TOMMY’S HONOUR (2016): Review by Katusha Jin

Set in the lush green landscapes of Scotland during the 19th century, Tommy’s Honour is a biopic based on a true story about a father and his son, both known as pioneers of golf. Director Jason Connery works with writers Pamela Marin and Kevin Cook to explore the professional and familial conflicts that are born out of a passion for golf. (KIZJ: 3.5/5)

Review by FF2 Intern Katusha Jin

In the 1800s, golf was a sport played by the aristocrats. “Tom Morris” (Peter Mullan), founder of The Open Championship for golf in 1860, makes golf clubs, golf balls, and looks after the grounds at an elite golf club in St. Andrews (Scotland). “Tommy Morris Jr.” (Jack Lowden) trains as a caddie under his father’s wing, but soon begins to aim for bigger goals as his talent outgrows his father’s.

In the movie, we are taken through the final years of Tommy Jr.’s childhood and see the prejudice he faces whilst growing into a golf prodigy. As he gains recognition from his golfing successes, more and more financially favorable opportunities arise for him. Conflict sparks between father and son when Tommy Jr.’s love for golf and thirst for more financial power steers him away from the future his father had envisioned for him. 

Then Tommy Jr. falls in love with “Meg Drinnen” (Ophelia Lovibond). As a woman of a questionable background, Meg’s relationship with Tommy becomes the subject of gossip. Facing objections not only from his father, but also his mother “Nancy” (Therese Bradley), Tommy Jr. embarks on a journey of acceptance in two fields of his life. First, his ambitious goal to become a professional golfer (which was unheard of for a caddie of the time), and second, to be with the woman he loves.

Plagued with complications in their personal and professional relationships, the narrative stresses how interconnected the two are for both Tom and Tommy Jr. Their growth, gradual acceptance, and forgiveness of one another are not only believable, but also human, making the characters extremely relatable.

Casting Director Colin Jones must be applauded for her work on Tommy’s Honour, perfectly casting each role as written by Marin and Cook. Both Peter Mullan and Jack Lowden give stand out performances, their chemistry as father and son, undeniable.

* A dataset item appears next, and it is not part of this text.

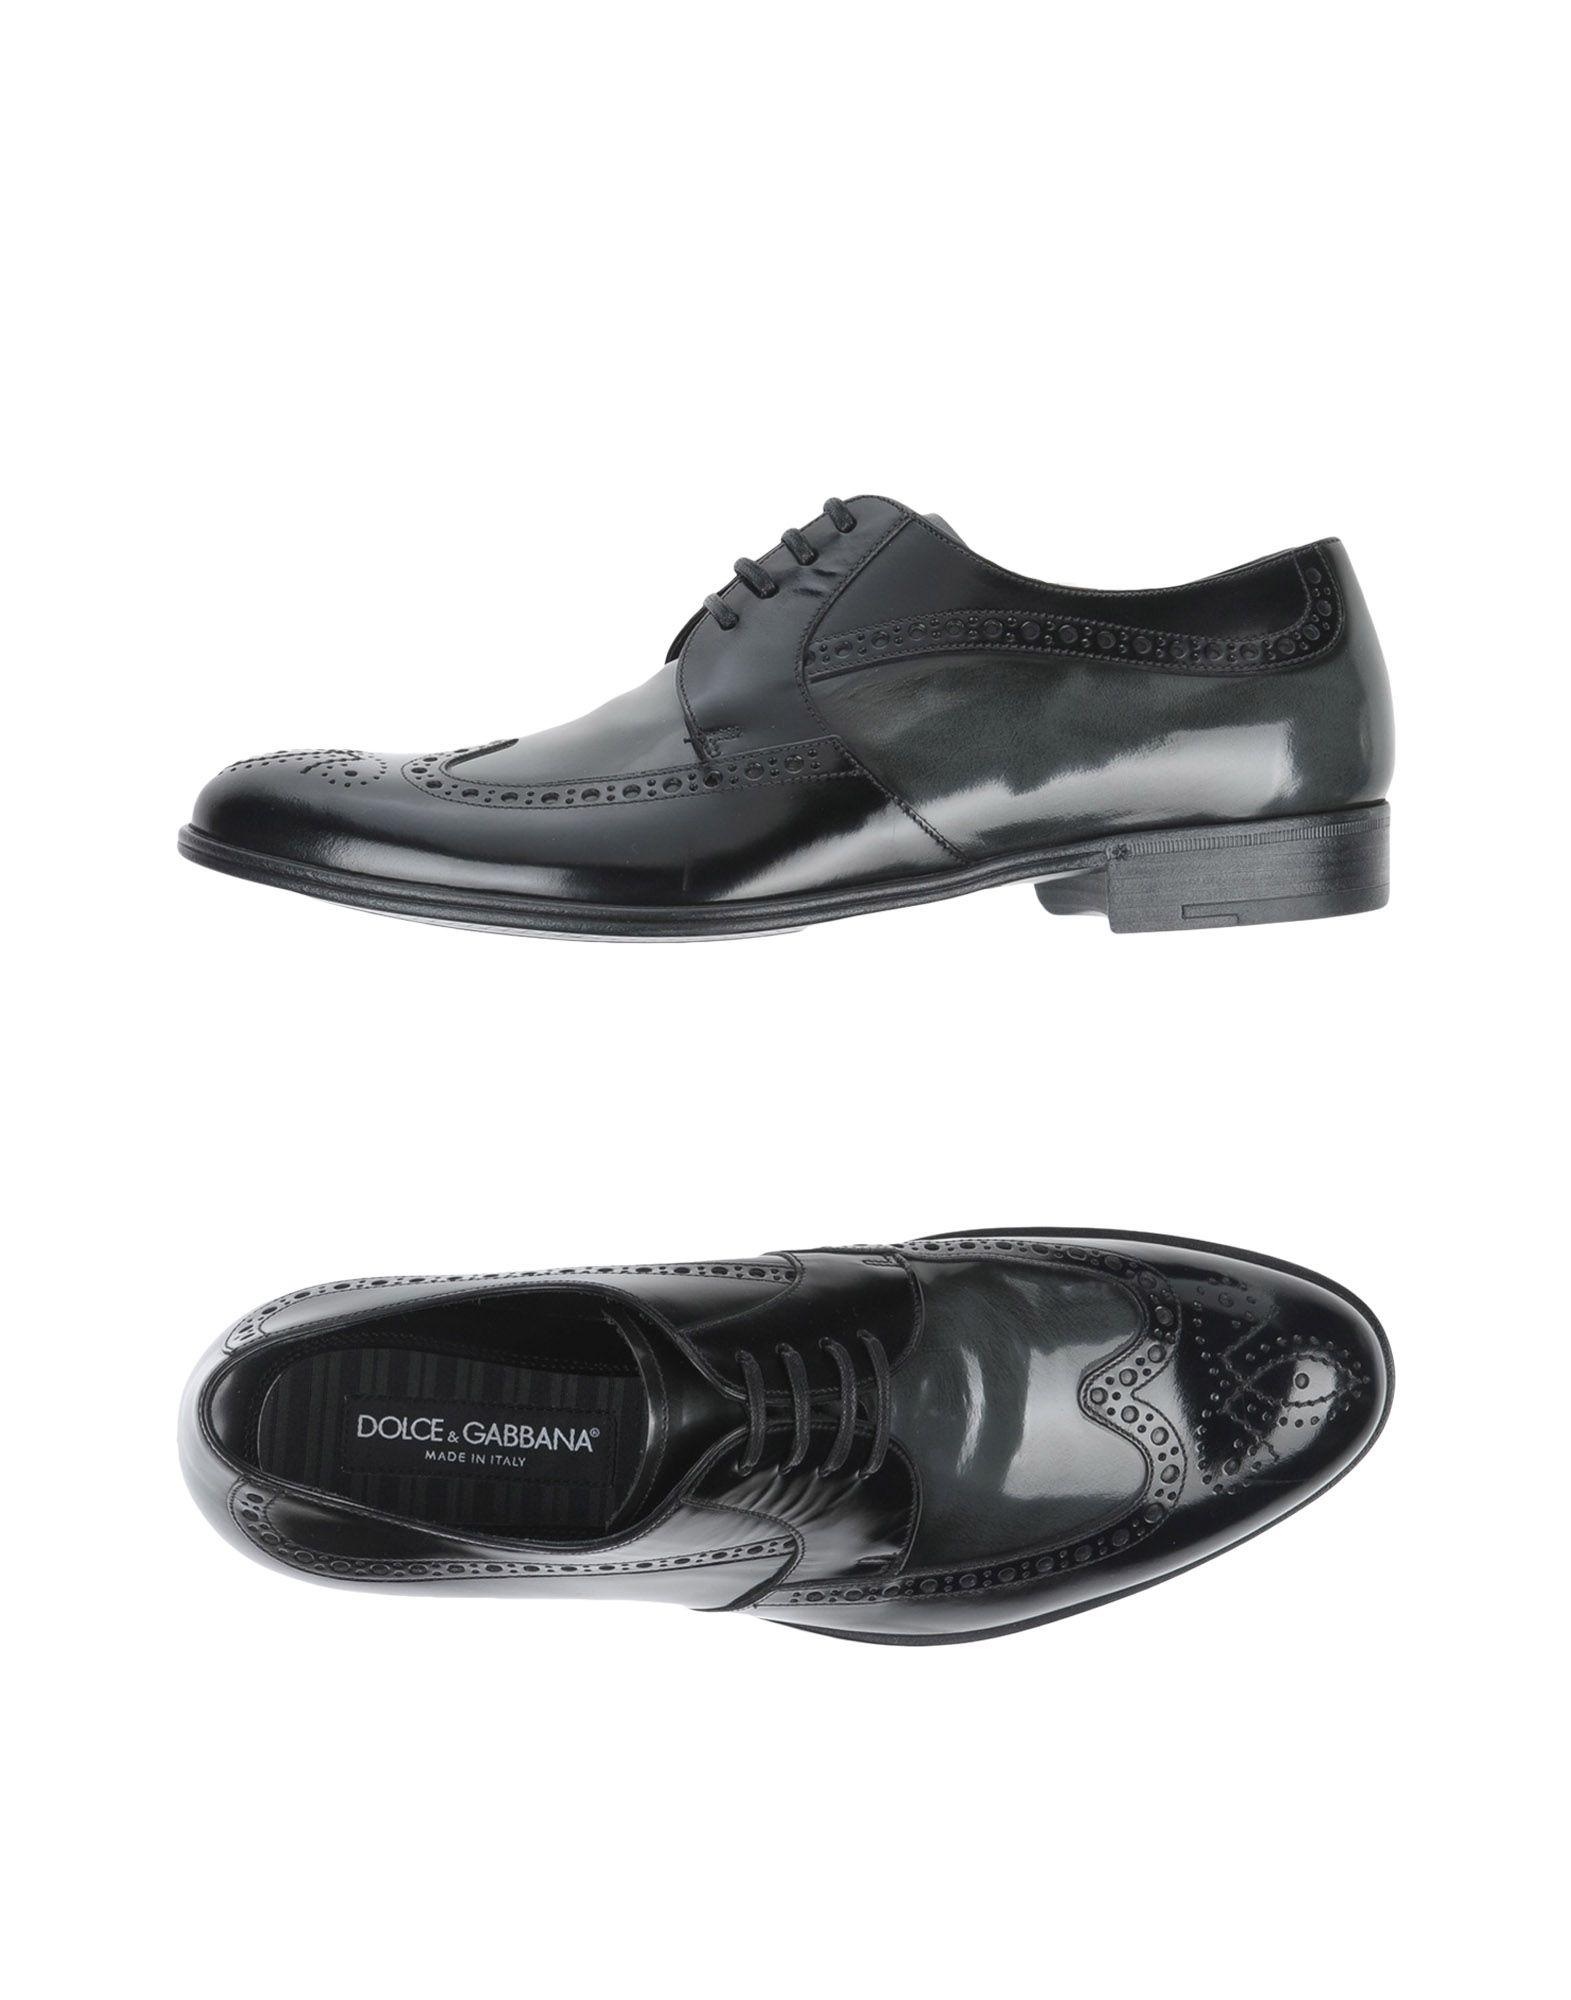 Dolce & Gabbana Schnürschuhe Herren  11400574RA Gute Qualität beliebte Schuhe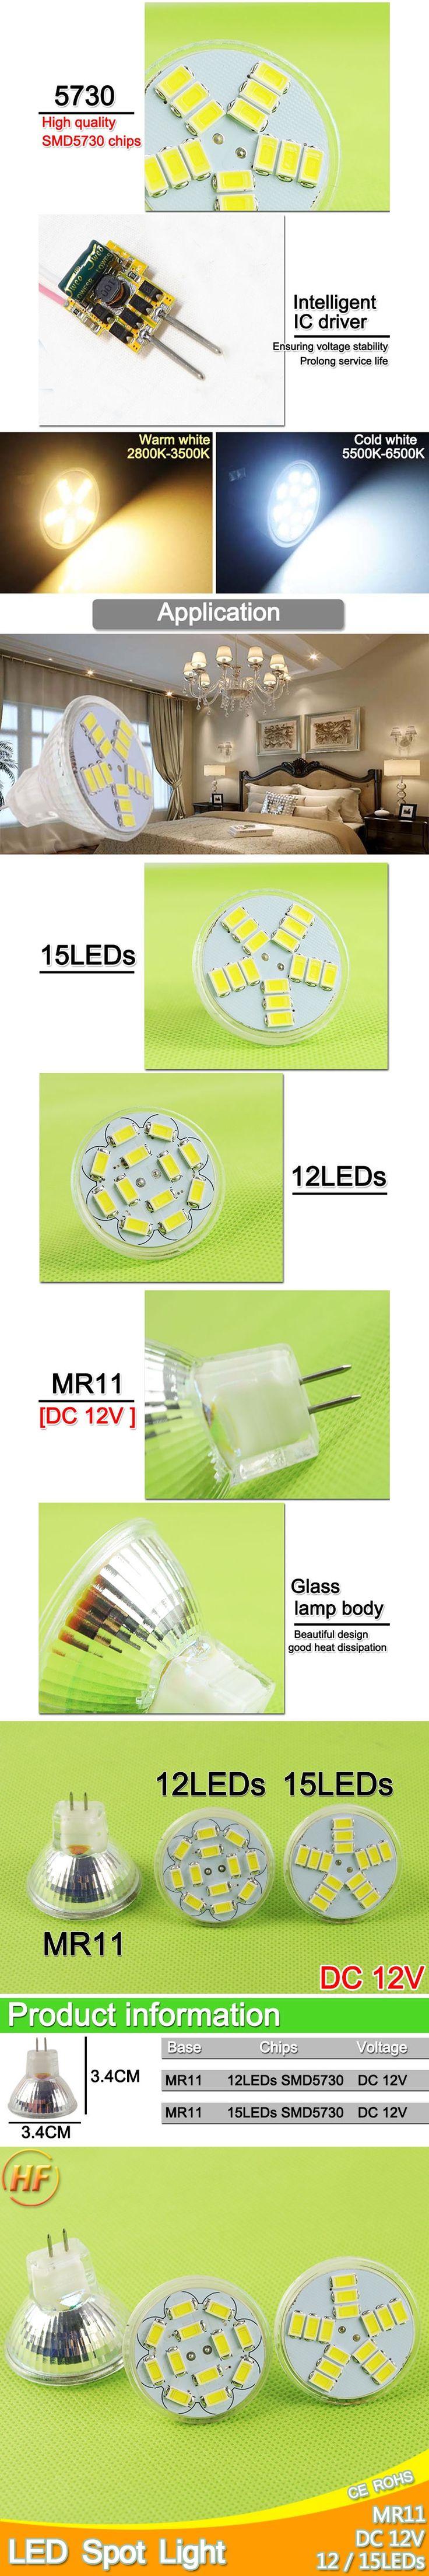 MR11 Led Spotlight DC 12V 3W 5W 5730 SMD LED Bulb Energy Saving Lamp Led Spot Light Bulb DC12v Cool White/Warm White Bombilla

Ophelia Lovibond and Therese Bradley are equally deserving in praise as supporting actors for their portrayal of two strong female characters.

Although at times the golfing sequences seemed a little repetitive, and some parts of the music took me out of the action happening in the scene, overall, Tommy’s Honour truthfully captured the poignant history of a father and son’s passion and love for the sport of golf. Tommy Morris Jr. still holds the record as the youngest player to have won The Open Championship, a feat he accomplished in 1868 at the age of 17. That's almost 150 years ago!

© Katusha Jin (4/18/17) FF2 Media

Top Photo: Jack Lowden as “Tommy Morris Jr.”

Middle Photo: Lowden with Peter Mullan as his father/mentor/coach “Tom Morris,” who is also the film's narrator.

Bottom Photo: Tommy pays court to “Meg Drinnen” (Ophelia Lovibond).

Photo Credits: Neil Davidson

Does Tommy’s Honour pass the Bechdel-Wallace test?

Yes.

Not by a great margin, but it passes.

Meg Drinnen (Tommy's wife) has a powerful confrontation with Nancy Morris (Tommy's mother), but the subject is not Tommy. Rather they discuss Meg's past, her insecurities as a woman, and her role in the family as Tommy's wife. Nancy, at first bitterly opposed to her son's marriage, relents once she comes to a better understand of her new daughter-in-law's point of view.

There is also a small scene in which Meg discusses the lace on a dress with another wo­­man. This is how we learn that Meg had once apprenticed as a lacemaker.